Consultation a positive sign
Amor Sexton, a leading digital currency-focused lawyer with Adroit Lawyers in Sydney, told CoinDesk the bitcoin industry’s reaction would likely be mixed, but was happy with the ATO’s level of consultation.
“The very fact that the tax office is taking the time to go through the consultation process, and get this far, shows there’s some legitimacy to the concept of bitcoin being money.”
Bitcoin adoption rates were still relatively small compared to the rest of the economy, she added.
“The fact that it’s gotten this much attention from the tax office is a really good thing. Even if you don’t end up getting the answer you want in the short term, I think it sets the stage for a consultation process that will see change later on.”
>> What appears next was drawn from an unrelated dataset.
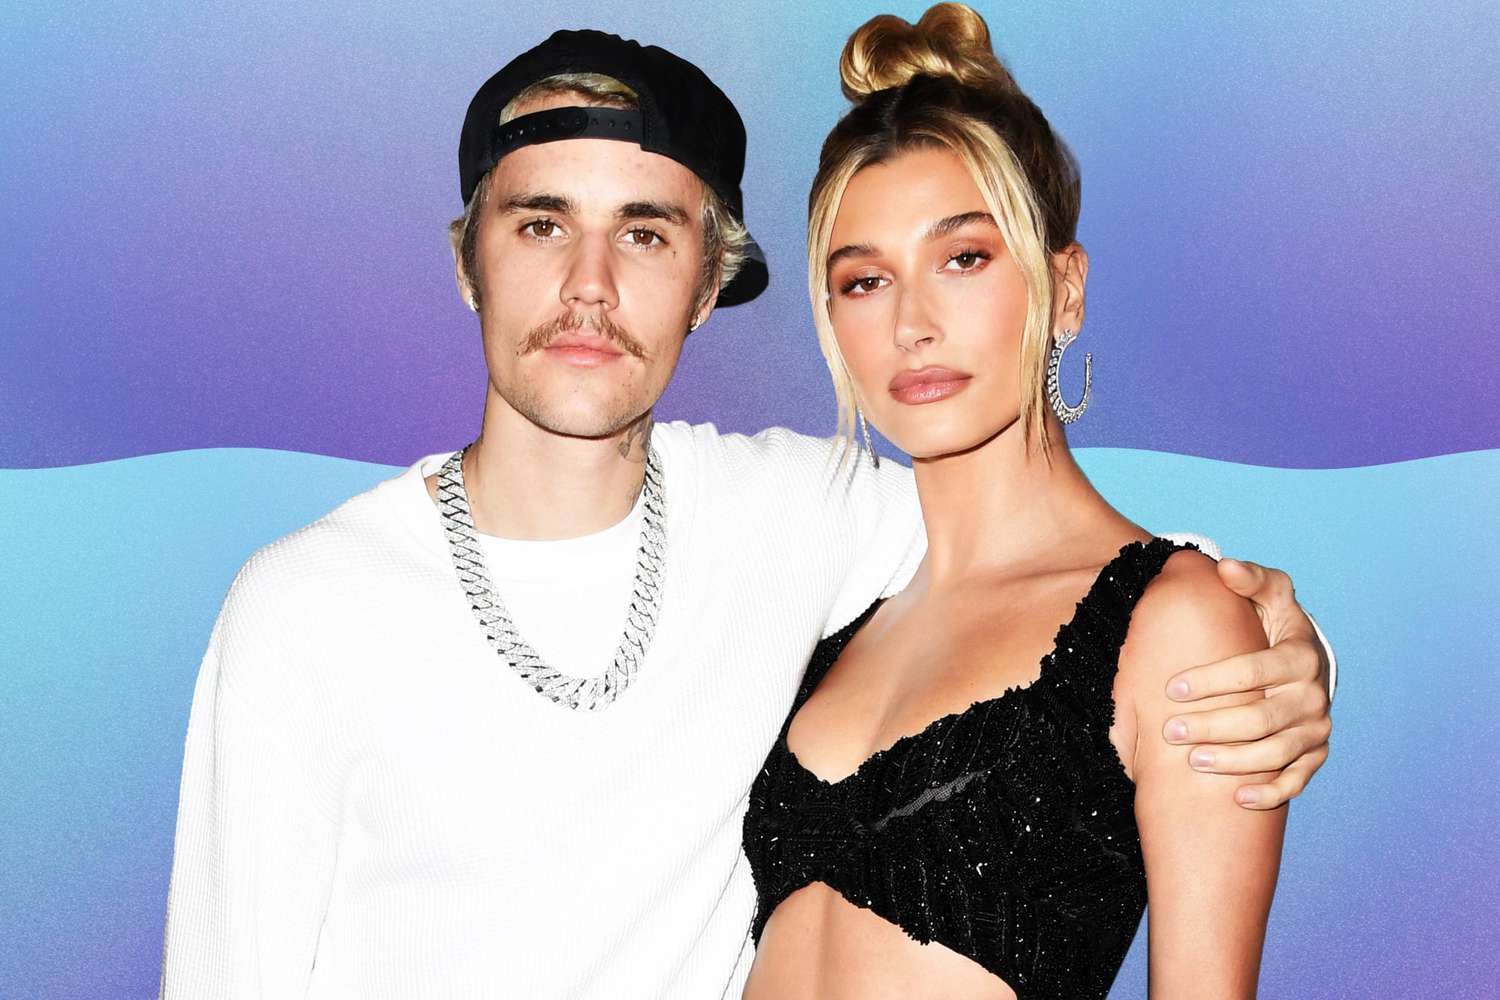 Hailey Bieber's Rise: From Hollywood Royalty to Fashion Icon and Soon-to-be Mom

Sexton co-wrote a research paper on behalf of the Bitcoin Association of Australia with recommendations on how the ATO should tax bitcoin, which was presented to the agency at the beginning of June. That paper had recommended bitcoin be treated as money to avoid double-taxing through GST.
The ATO announced its intention to issue bitcoin tax rulings in February, initially intending to release detailed guidelines by the end of the 2013-14 financial year on 30th June. Later, however, it decided to delay its announcement in order to provide a “comprehensive and robust” ruling and seek additional legal advice on the matter.
CoinDesk will continue to update this developing story as more information becomes available.